Retype the tail of the data exactly, starting at the line containing "Midcentury Paul McCobb" and stopping at the last line.
===== GIVEN RECORDS
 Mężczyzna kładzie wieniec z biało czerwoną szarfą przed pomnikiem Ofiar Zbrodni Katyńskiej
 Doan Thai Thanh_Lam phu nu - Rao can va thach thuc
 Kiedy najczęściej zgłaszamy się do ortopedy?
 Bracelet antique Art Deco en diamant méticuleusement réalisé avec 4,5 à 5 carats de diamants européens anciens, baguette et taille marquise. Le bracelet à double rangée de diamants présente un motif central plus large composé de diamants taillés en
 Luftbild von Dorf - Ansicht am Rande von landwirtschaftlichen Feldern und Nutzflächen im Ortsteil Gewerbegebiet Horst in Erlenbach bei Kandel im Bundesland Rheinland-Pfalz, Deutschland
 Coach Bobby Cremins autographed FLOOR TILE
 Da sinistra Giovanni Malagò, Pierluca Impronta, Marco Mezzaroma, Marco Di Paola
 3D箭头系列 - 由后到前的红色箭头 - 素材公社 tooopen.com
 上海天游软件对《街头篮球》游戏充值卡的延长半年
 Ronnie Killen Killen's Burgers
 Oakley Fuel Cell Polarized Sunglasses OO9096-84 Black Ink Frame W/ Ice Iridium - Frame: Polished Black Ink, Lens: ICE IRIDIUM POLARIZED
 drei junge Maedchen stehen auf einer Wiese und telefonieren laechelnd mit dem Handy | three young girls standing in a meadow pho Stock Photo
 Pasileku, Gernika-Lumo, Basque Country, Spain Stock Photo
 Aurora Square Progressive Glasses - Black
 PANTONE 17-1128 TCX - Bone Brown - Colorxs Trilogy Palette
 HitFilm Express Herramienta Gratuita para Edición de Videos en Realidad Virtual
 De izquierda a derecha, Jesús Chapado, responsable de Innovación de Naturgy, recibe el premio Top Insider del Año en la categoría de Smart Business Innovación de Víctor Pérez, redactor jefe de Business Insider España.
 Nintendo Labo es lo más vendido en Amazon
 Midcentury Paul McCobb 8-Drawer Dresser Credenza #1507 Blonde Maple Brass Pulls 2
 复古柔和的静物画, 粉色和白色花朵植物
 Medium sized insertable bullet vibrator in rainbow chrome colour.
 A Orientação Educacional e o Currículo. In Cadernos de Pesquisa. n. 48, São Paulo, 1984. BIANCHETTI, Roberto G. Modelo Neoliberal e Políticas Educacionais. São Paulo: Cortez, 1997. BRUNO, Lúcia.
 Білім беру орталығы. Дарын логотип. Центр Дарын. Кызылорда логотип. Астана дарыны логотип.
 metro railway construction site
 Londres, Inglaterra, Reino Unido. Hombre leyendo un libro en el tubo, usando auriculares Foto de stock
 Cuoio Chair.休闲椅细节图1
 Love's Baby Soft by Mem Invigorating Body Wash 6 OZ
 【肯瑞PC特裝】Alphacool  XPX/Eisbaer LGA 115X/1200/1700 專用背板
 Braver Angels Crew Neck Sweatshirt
==========
## RESPONSE TO THIS EXERCISE
 Midcentury Paul McCobb 8-Drawer Dresser Credenza #1507 Blonde Maple Brass Pulls 2
 复古柔和的静物画, 粉色和白色花朵植物
 Medium sized insertable bullet vibrator in rainbow chrome colour.
 A Orientação Educacional e o Currículo. In Cadernos de Pesquisa. n. 48, São Paulo, 1984. BIANCHETTI, Roberto G. Modelo Neoliberal e Políticas Educacionais. São Paulo: Cortez, 1997. BRUNO, Lúcia.
 Білім беру орталығы. Дарын логотип. Центр Дарын. Кызылорда логотип. Астана дарыны логотип.
 metro railway construction site
 Londres, Inglaterra, Reino Unido. Hombre leyendo un libro en el tubo, usando auriculares Foto de stock
 Cuoio Chair.休闲椅细节图1
 Love's Baby Soft by Mem Invigorating Body Wash 6 OZ
 【肯瑞PC特裝】Alphacool  XPX/Eisbaer LGA 115X/1200/1700 專用背板
 Braver Angels Crew Neck Sweatshirt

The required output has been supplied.